FORECAST.ETS.SEASONALITY Function



Description

The FORECAST.ETS.SEASONALITY function returns the length of the repetitive pattern Excel detects for the specified time series.

FORECAST.ETS.Seasonality can be used following FORECAST.ETS to identify which automatic seasonality was detected and used in FORECAST.ETS. While it can also be used independently of FORECAST.ETS, the functions are tied since the seasonality detected in this function is identical to the one used by FORECAST.ETS, considering the same input parameters that affect data completion.

Syntax

FORECAST.ETS.SEASONALITY (values, timeline, [data_completion], [aggregation]) 

Arguments

Argument Description Required/ Optional
Values Values are the historical values, for which you want to forecast the next points. Required
Timeline

The independent array or range of numeric data. The dates in the timeline must have a consistent step between them and cannot be zero.
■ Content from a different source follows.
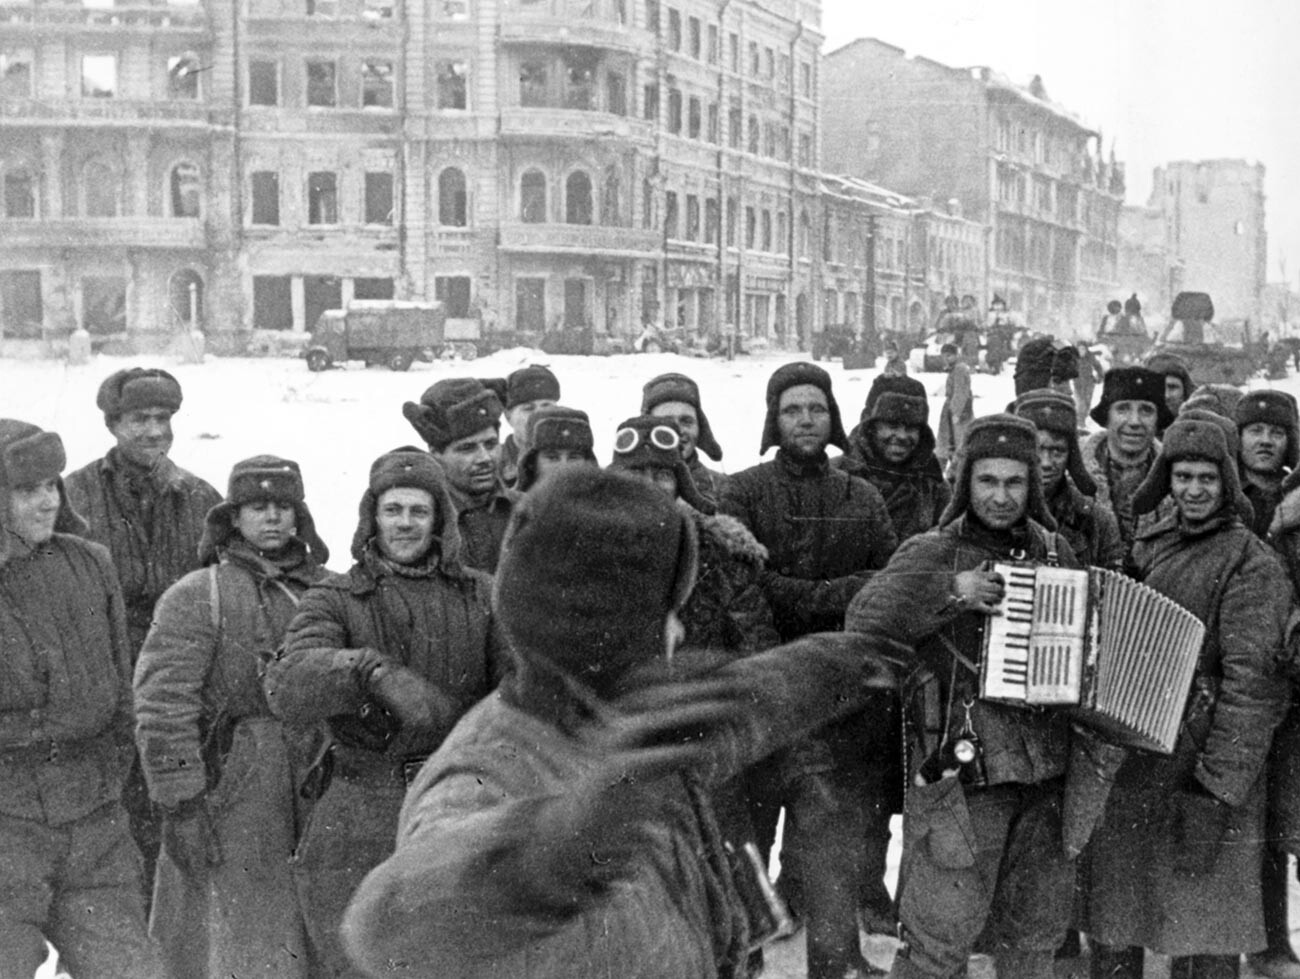 Un po’ di musica per festeggiare nella Stalingrado liberata, gennaio 1943
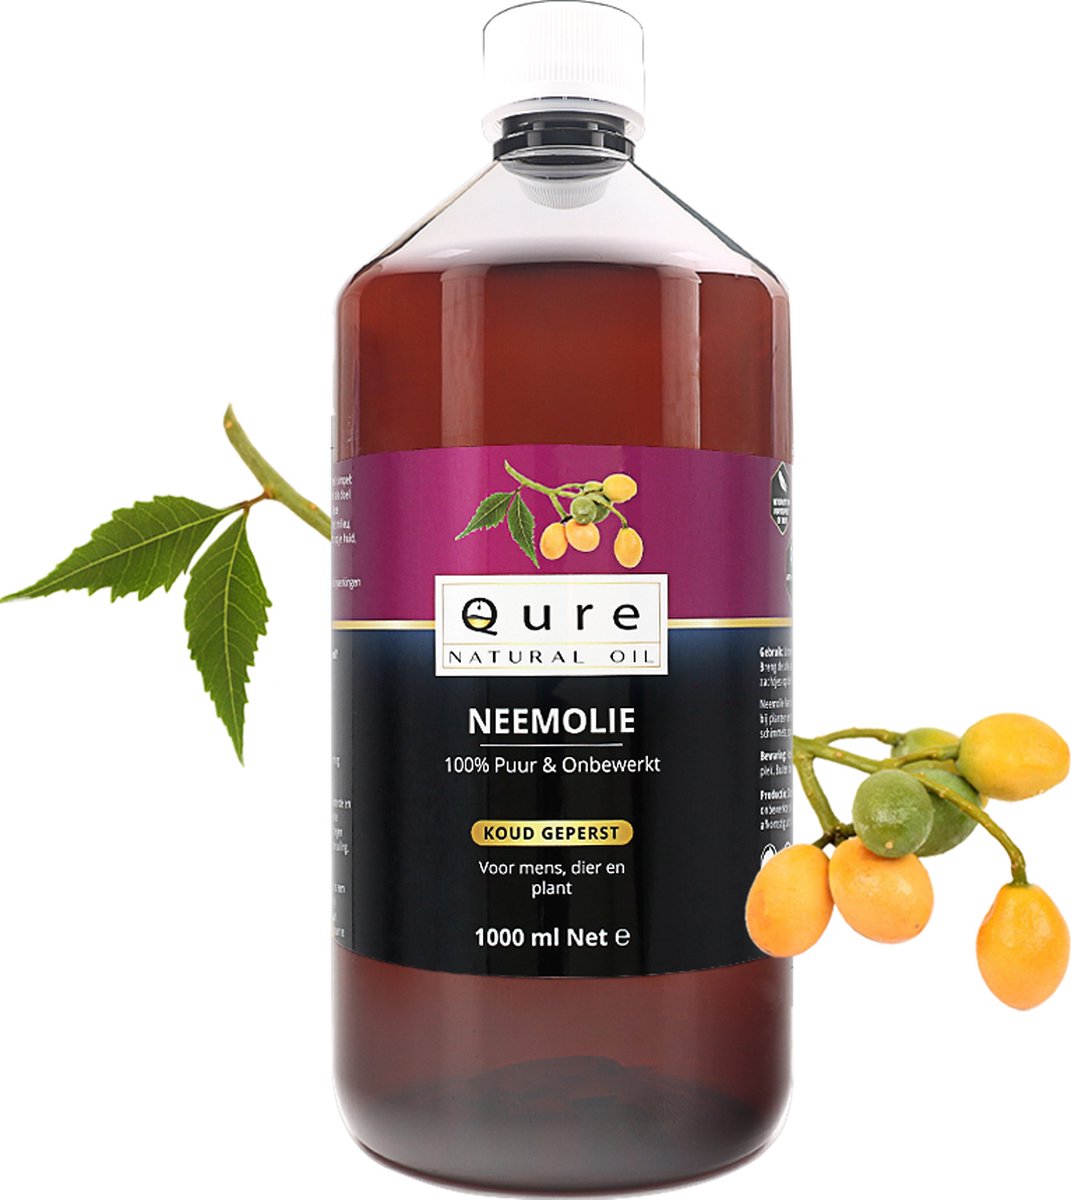 Neemolie 1 Liter | 100% Puur & Onbewerkt | Koudgeperste Neem Olie voor mens, dier en planten | Voordeelfles 1000ml

However, FORECAST.ETS.SEASONALITY supports up to 30% missing data, and will automatically adjust for it.

The timeline is not required to be sorted, as FORECAST.ETS.SEASONALITY will sort it implicitly for calculations.

Required
Data_completion

FORECAST.ETS.SEASONALITY supports up to 30% missing data in the timeline and will automatically adjust for it based on Data_completion.

The default value of 1 will account for missing points by completing them to be the average of the neighboring points.

0 will indicate the algorithm to account for missing points as zeros.

Optional
Aggregation

Although the timeline requires a constant step between data points, FORECAST.ETS.SEASONALITY will aggregate multiple points which have the same time stamp.

The aggregation parameter is a numeric value indicating which method will be used to aggregate several values with the same time stamp.

The default value of 0 will use AVERAGE, while other options are SUM, COUNT, COUNTA, MIN, MAX, and MEDIAN.

Optional

Notes

  • FORECAST.ETS.SEASONALITY Function is added in Excel 2016.

  • This Function uses advanced machine learning algorithms, such as Exponential Triple Smoothing (ETS).

  • If a constant step cannot be identified in the provided timeline, FORECAST.ETS.SEASONALITY returns the #NUM! error.

  • If timeline contains duplicate values, FORECAST.ETS.SEASONALITY returns the #VALUE! Error.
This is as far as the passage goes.